Deutschlands Außenminister Johann Wadephul (CDU) hat Forderungen nach weitreichenden EU-Sanktionen gegen Israel zurückgewiesen. Freihandelsvorteile zu streichen und vergleichbare Maßnahmen halte die Bundesregierung »für unangebracht«, sagte Wadephul am Rande eines Treffens der EU-Außenminister in Luxemburg. Die Bedingungen für eine Zweistaatenlösung mit den Palästinensern müssten durch einen kritischen und konstruktiven Dialog mit Israel geschaffen werden.
Konkret nannte Wadephul etwa die geplante Einführung der Todesstrafe sowie Gewalttaten israelischer Siedler im besetzten Westjordanland. »Ich erwarte, dass die israelische Regierung insgesamt dieser Siedlergewalt klarer, fester und mit allen rechtsstaatlichen Mitteln entgegentritt«, sagte der Minister. Zudem dürfe es keine Annexion im Westjordanland geben.
Spanische Regierung prangert Völkerrechtsverstöße an
Hintergrund ist Kritik an Israel, die insbesondere von der spanischen Regierung kommt. Spaniens Außenminister José Manuel Albares hatte sich vor dem Treffen in Luxemburg für ein schärferes Vorgehen der EU gegen Israel ausgesprochen und dafür plädiert, erneut darüber zu diskutieren, EU-Freihandelsvorteile für Israel zu streichen. Die Europäische Union müsse Israel sagen, dass es einen Kurswechsel brauche, sagte Albares. Andernfalls verliere sie ihre Glaubwürdigkeit.
Albares kritisierte Verletzungen der Waffenruhe im Gazastreifen sowie die Ausweitung illegaler Siedlungen im Westjordanland. Israels Vorgehen im Libanon bezeichnete er als einen »Invasionskrieg unter Verletzung des Völkerrechts«.
Zuvor hatte auch Spaniens Regierungschef Pedro Sánchez Israel Verstöße gegen das Völkerrecht vorgeworfen und die Aufkündigung des EU-Assoziierungsabkommens mit dem Land verlangt – ein Vorschlag, der in der EU bereits mehrfach diskutiert wurde. Eine Regierung, die gegen das Völkerrecht verstoße, könne »kein Partner der Europäischen Union sein«, begründete Sánchez seine Forderung.

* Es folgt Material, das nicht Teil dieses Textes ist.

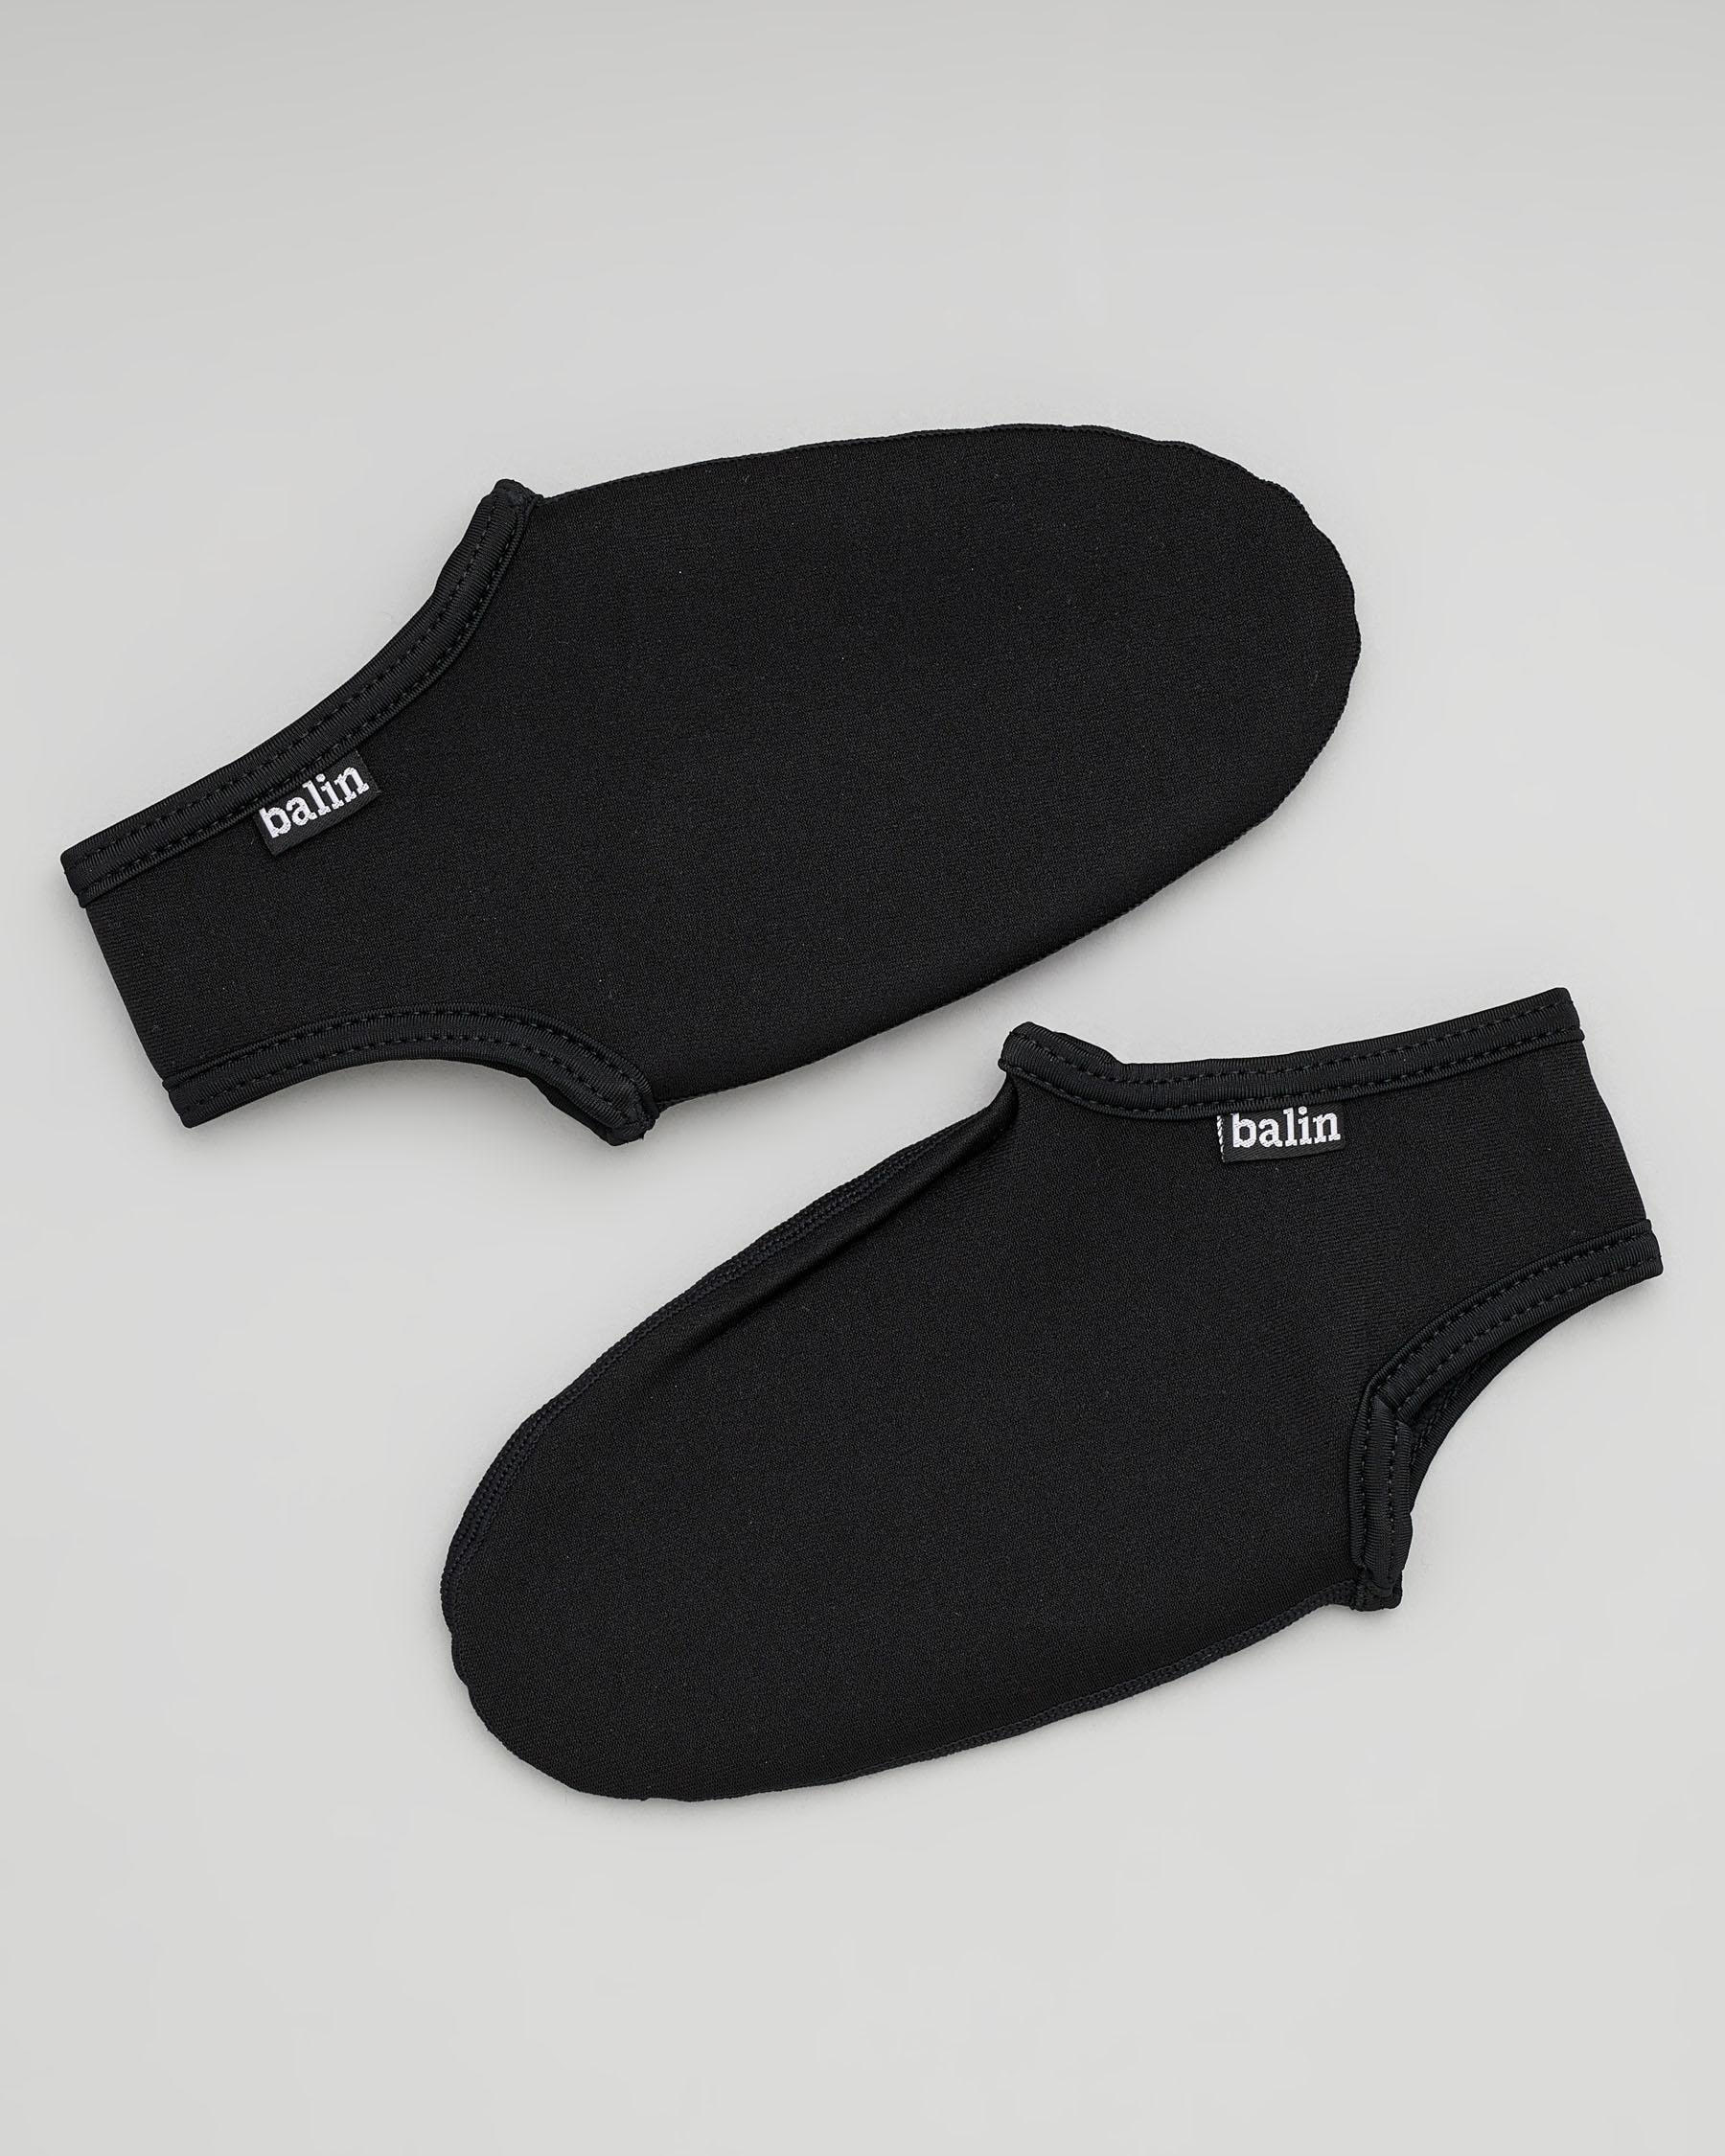 Balin Lo-cut Neoprene Fin Socks In Black - Fast Shipping & Easy Returns ...

Irland, Slowenien und Spanien wollen Assoziierungsabkommen erörtern
In dem im Jahr 2000 geschlossenen Assoziierungsabkommen ist der Rahmen für die politischen und wirtschaftlichen Beziehungen der Europäischen Union mit Israel geregelt. Spanien und Irland hatten bereits 2024 gefordert, die Vereinbarung zu überprüfen. Vergangenen Freitag schickten die Regierungen beider Länder gemeinsam mit der Regierung Sloweniens einen Brief an die EU-Kommission, in dem sie forderten, das Abkommen bei dem Treffen in Luxemburg zu erörtern.
Als möglichen Kompromiss schlugen Frankreich und Schweden vor, die Einfuhr von Produkten aus illegalen israelischen Siedlungen in den palästinensischen Gebieten zu beschränken. Die Erfolgsaussichten dieses Vorstoßes sind unklar – für Handelsmaßnahmen ist in der EU eine sogenannte qualifizierte Mehrheit der Mitgliedsstaaten nötig. Das heißt, 15 der 27 EU-Staaten müssten zustimmen und diese müssten zusammen mindestens 65 Prozent der Gesamtbevölkerung der EU repräsentieren.
Die EU ist der größte Handelspartner Israels. Der Warenhandel zwischen beiden Seiten belief sich nach EU-Angaben im Jahr 2024 auf 42,6 Milliarden Euro.